Großer Andrang bei Goldhändlern in Corona-Zeiten
Es gibt sie vereinzelt schon, die Leute, die ihren Goldschmuck aus finanziellen Nöten verkaufen. Aber noch werden mehr Barren und Münzen gekauft - weil Gold in Krisenzeiten als sicherer Hafen gefragt ist.
In der Corona-Krise treibt es mehr Kunden zu Goldhändlern und zu Pfandleihhäusern: Nicht aber primär, weil diese aus Geldnöten Edelmetalle verkaufen oder Gegenstände beleihen wollten.

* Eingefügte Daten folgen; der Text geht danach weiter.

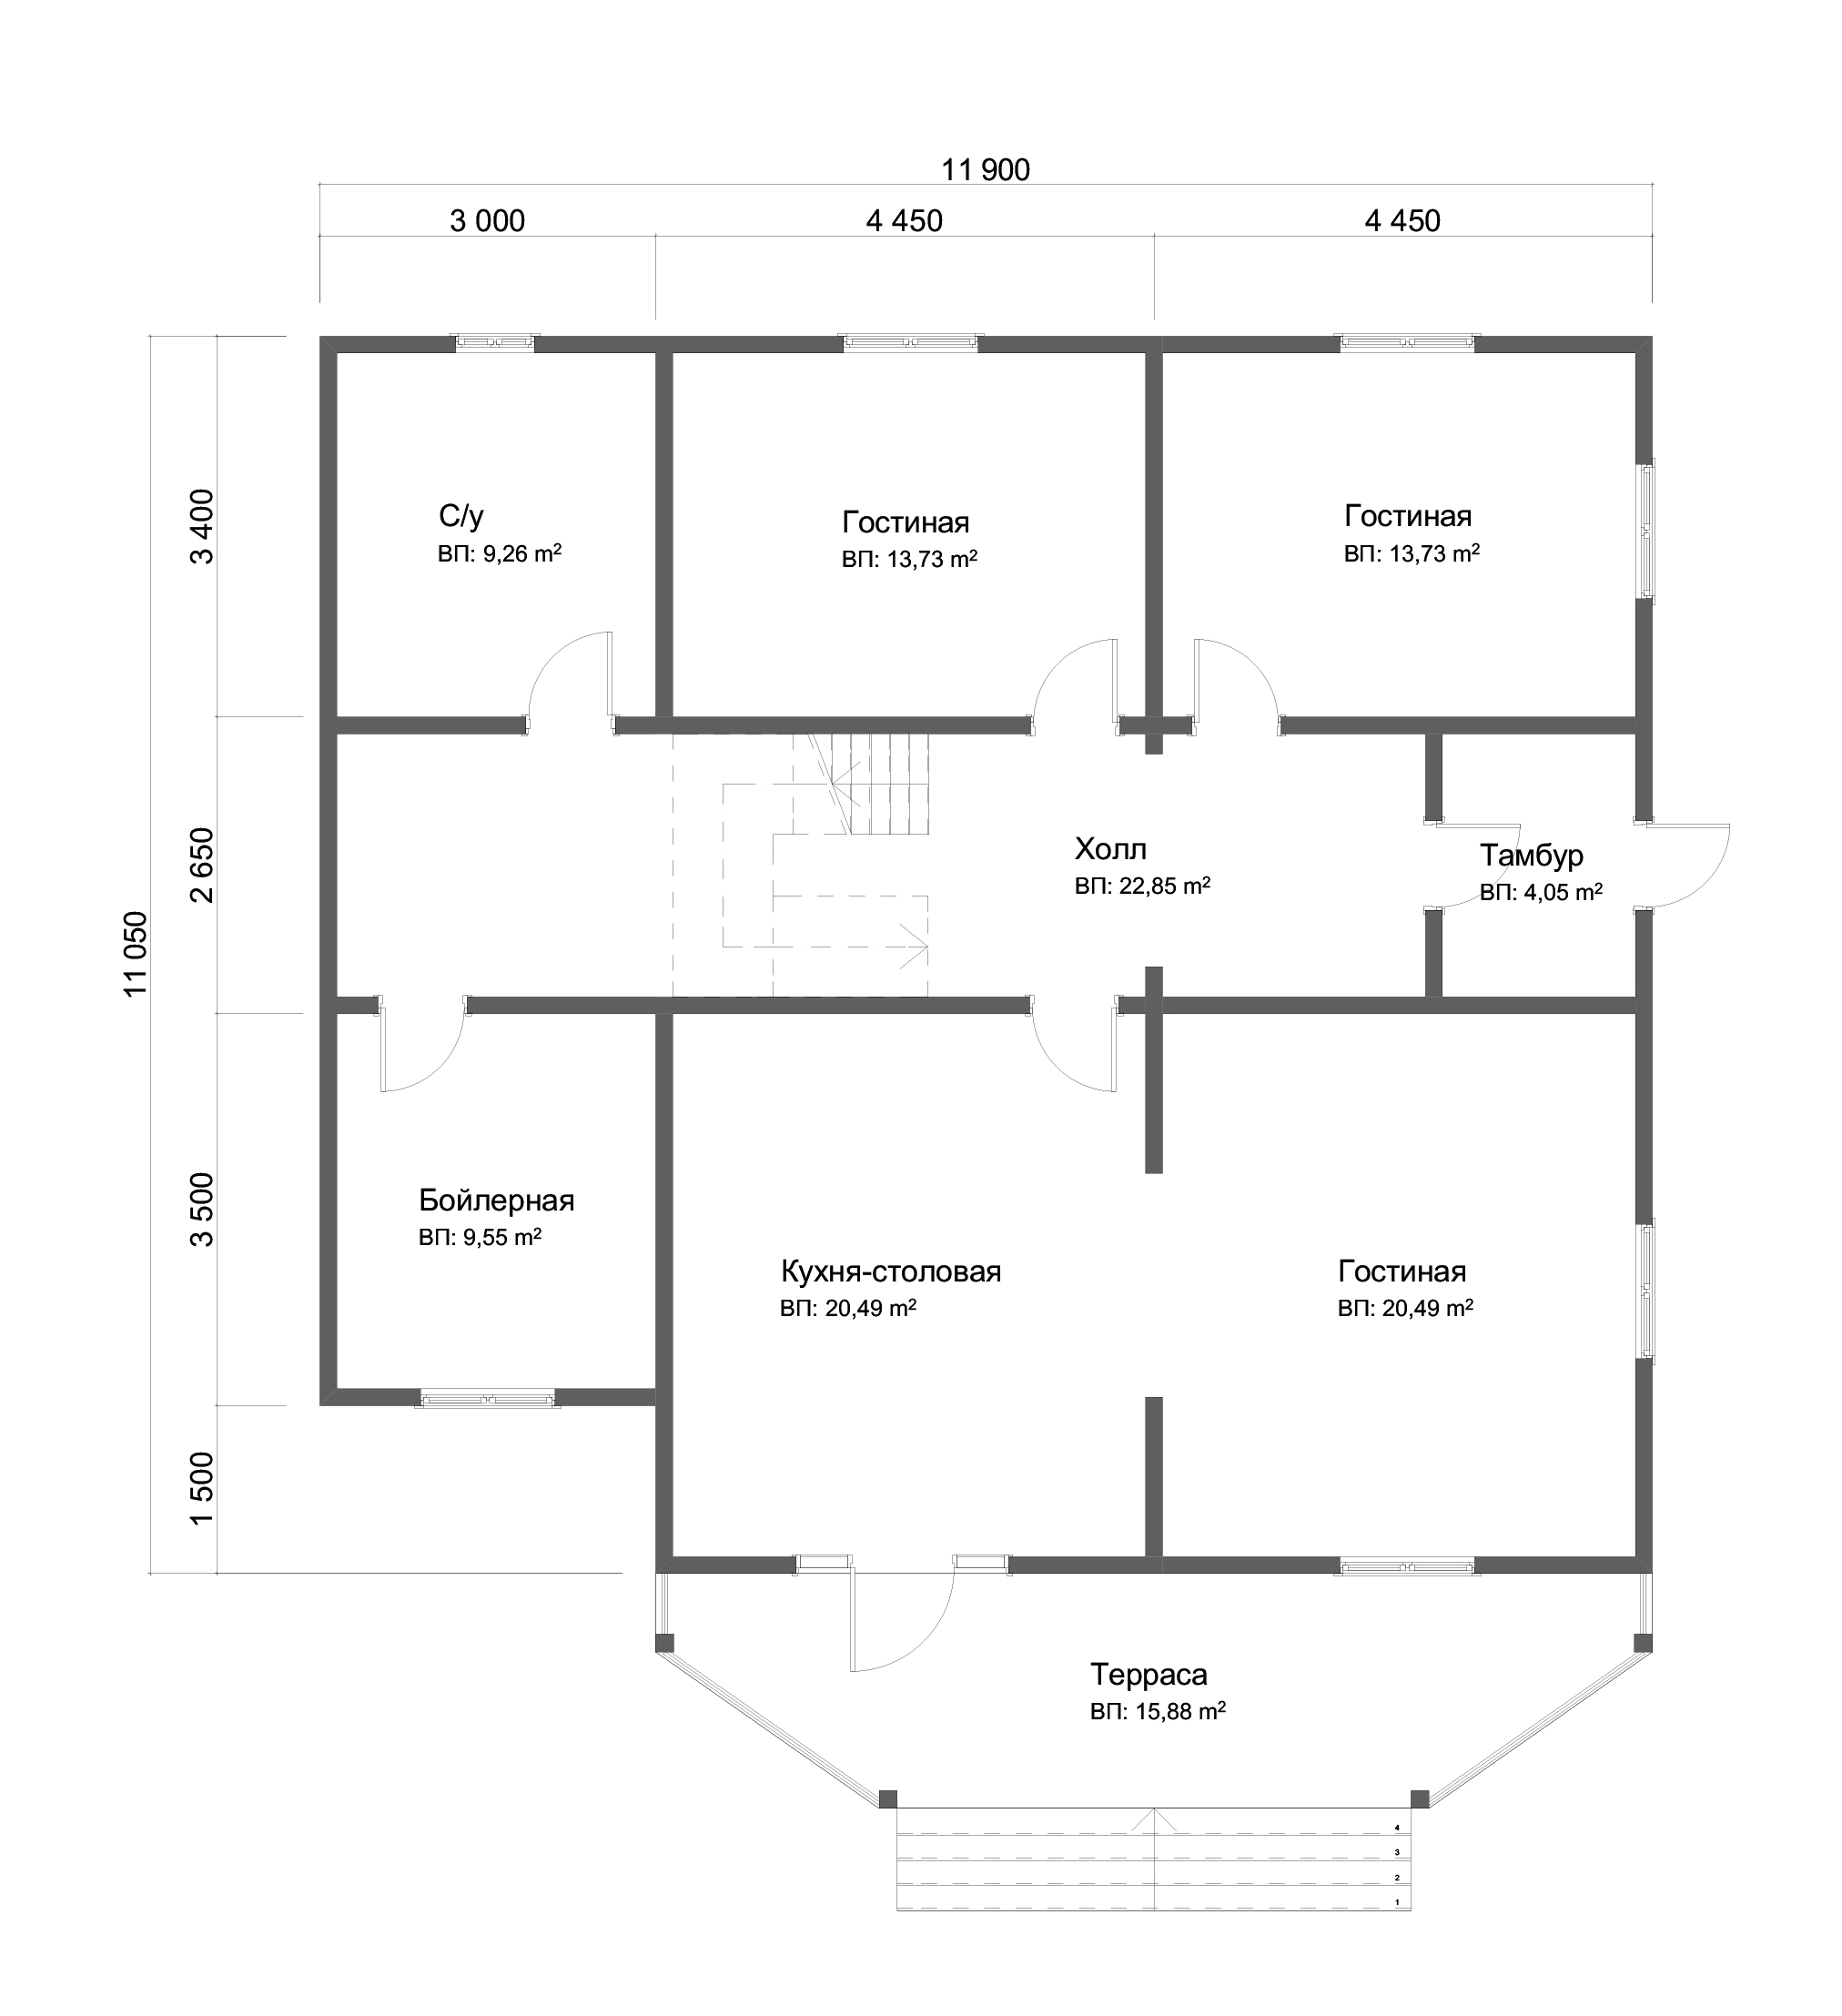 Проект дома из бруса 11х12 2 этажа с крыльцом и террасой. План 1-го этажа.

"Bei uns wird vor allem gekauft: Goldbarren, Goldmünzen, Silberbarren", sagt die Sprecherin der Rheinischen Scheidestätte GmbH, Corinna Koerfer, in Düsseldorf. Und zwar so reichlich, das die Goldlager in ihren Niederlassungen in Trier, Saarbrücken, Köln, Berlin, Düsseldorf und Münster "fast leergekauft" sind. "Wir können derzeit nur bestellen", sagt sie.
Große Nachfrage
"Die Leute haben in der Krise Angst. Sie sind verunsichert." Keiner wüsste, was wirtschaftlich noch passiere. "Viele glauben, dass Gold nachher das einzige ist, was noch was wert ist", sagt Koerfer. Man versuche vor Ort dieser Annahme entgegenzuwirken, aber: "Die Kunden haben uns vor dem Lockdown die Bude eingerannt. Sie wollten unbedingt vom Euro weg in Edelmetalle rein." Gekauft werde alles - von einem Gramm Gold (gut 64 Euro) bis zu einem Kilo (knapp 54.000 Euro).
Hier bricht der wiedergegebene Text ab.